Start of Block

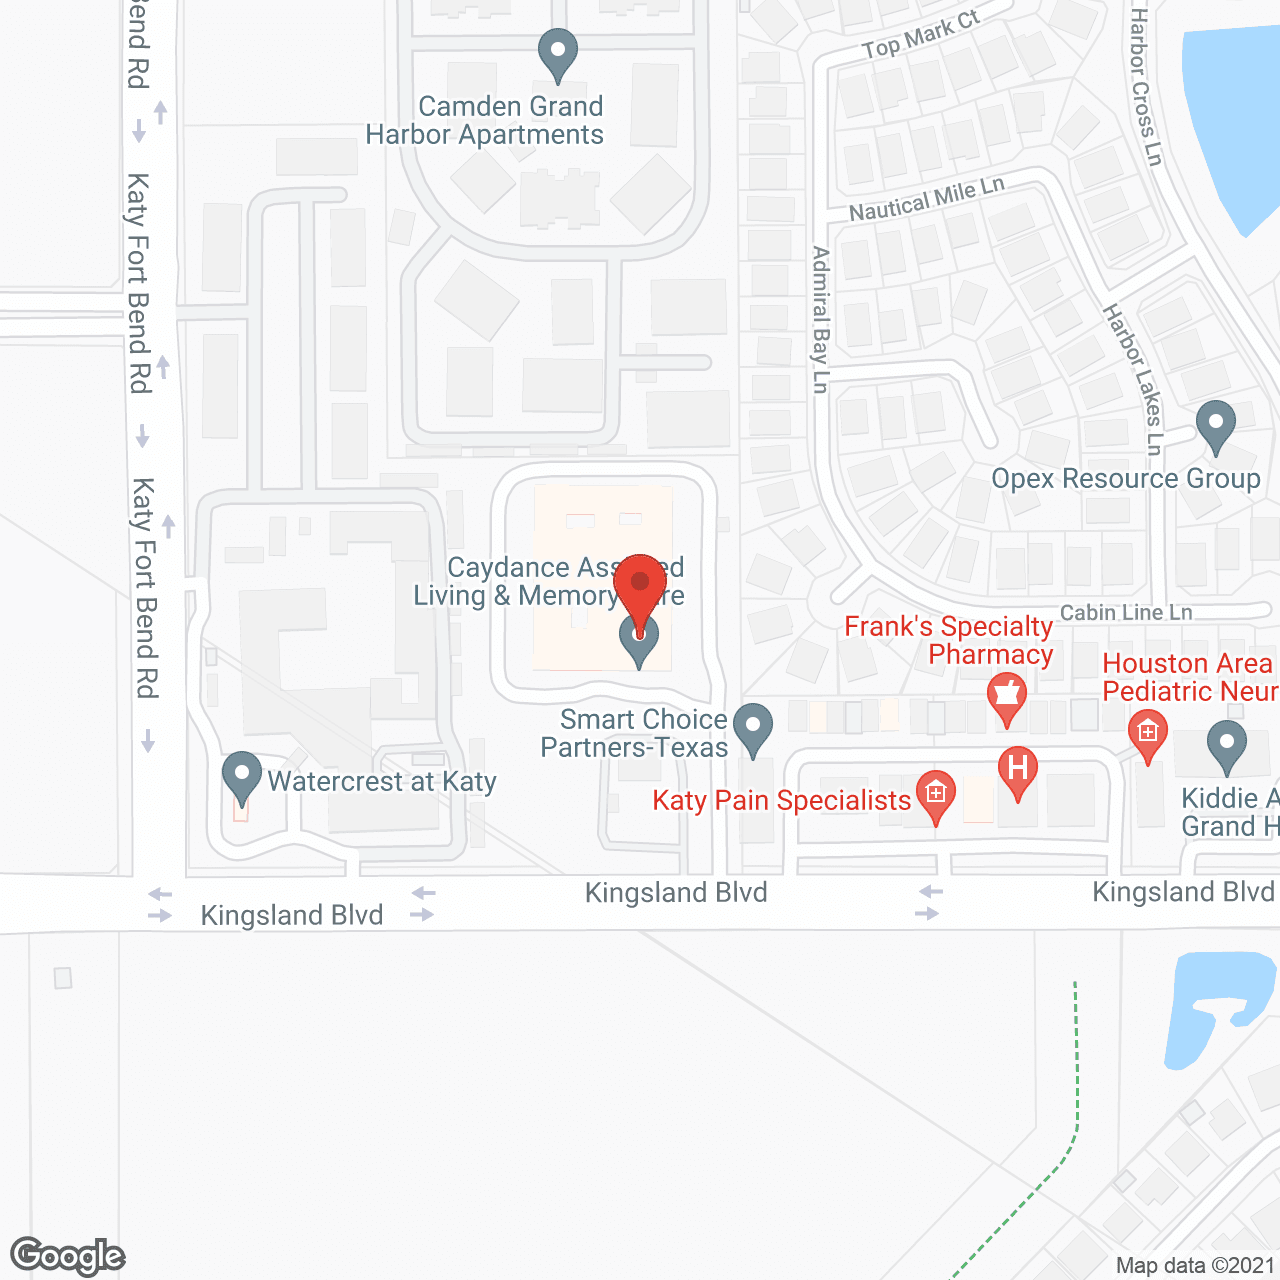 Caydance Assisted Living and Memory Care in google map
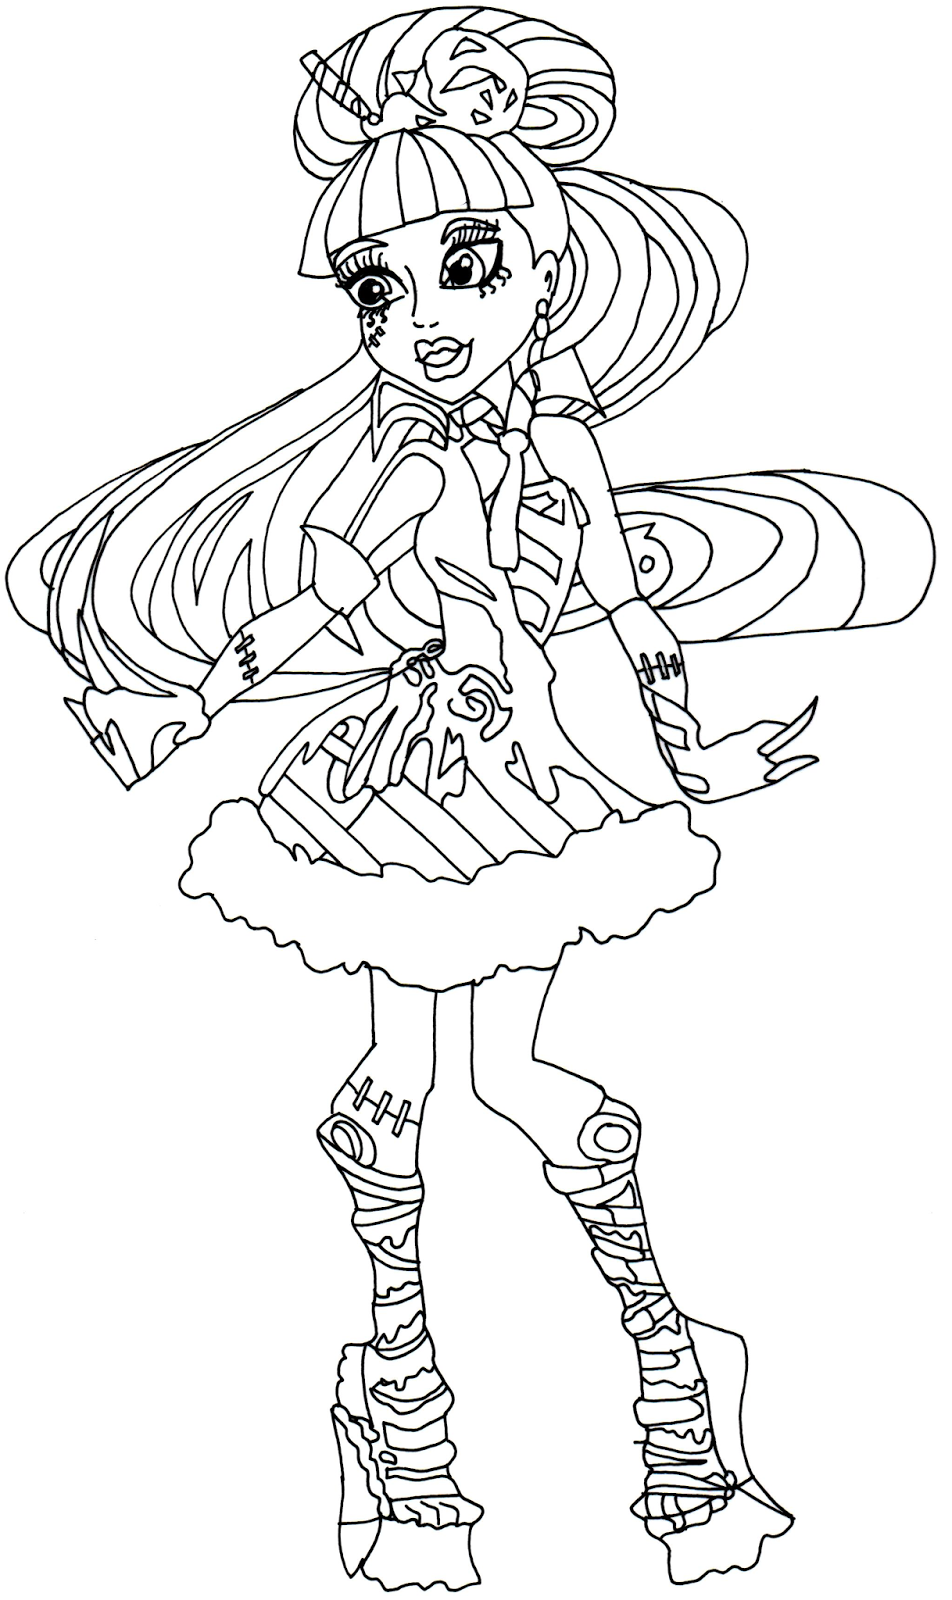 Sweet 1600 coloring pages download and print for free
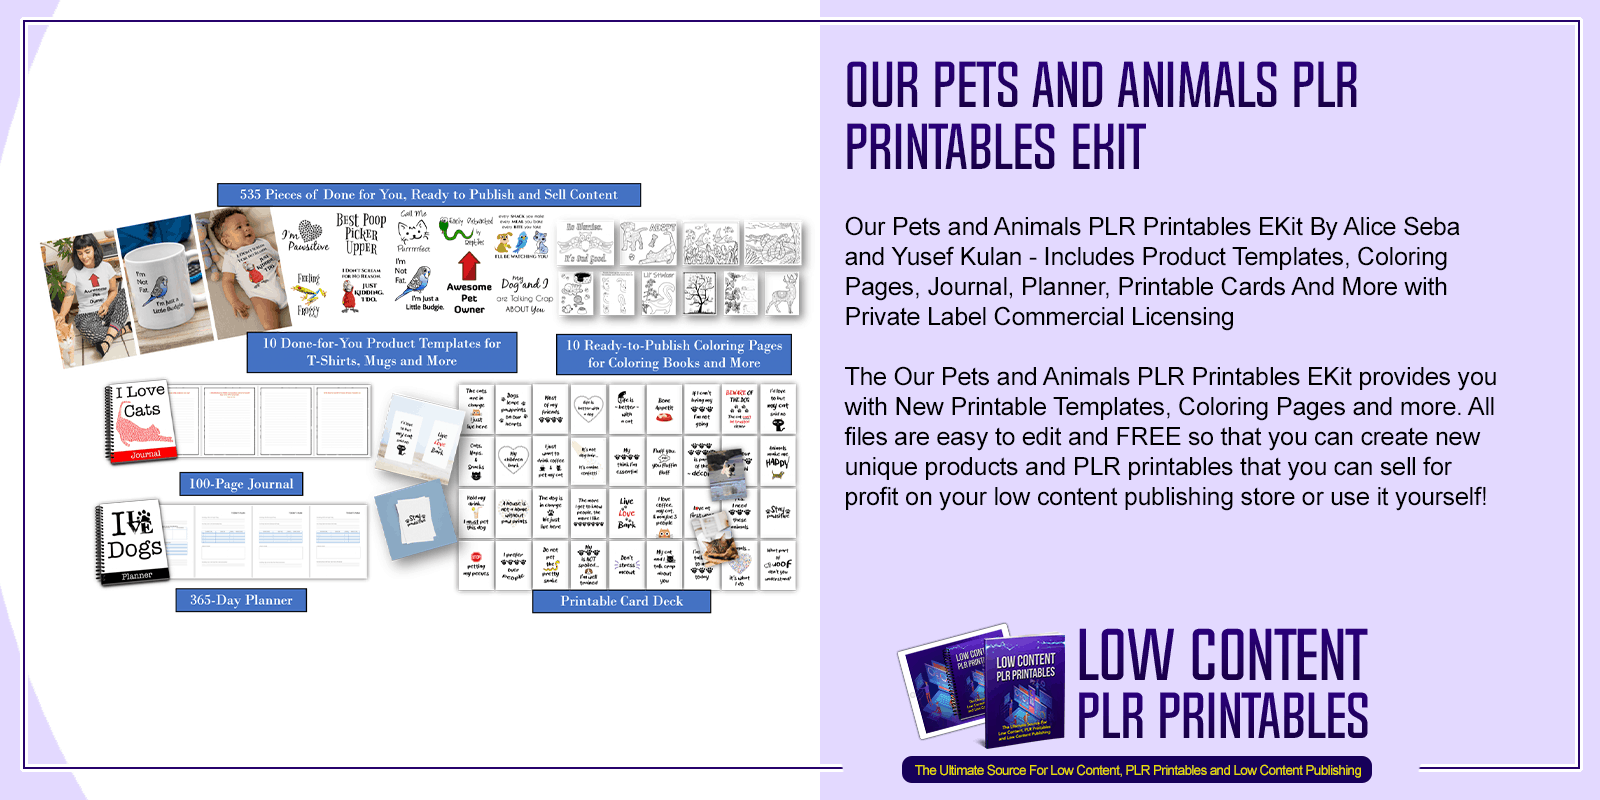 Our Pets and Animals PLR Printables EKit

End of Block

■ **WHAT TO PRODUCE**: Set the pictures aside and transcribe the data above exactly.

■ **OUTPUT BELOW**:
 Caydance Assisted Living and Memory Care in google map
 Sweet 1600 coloring pages download and print for free
 Our Pets and Animals PLR Printables EKit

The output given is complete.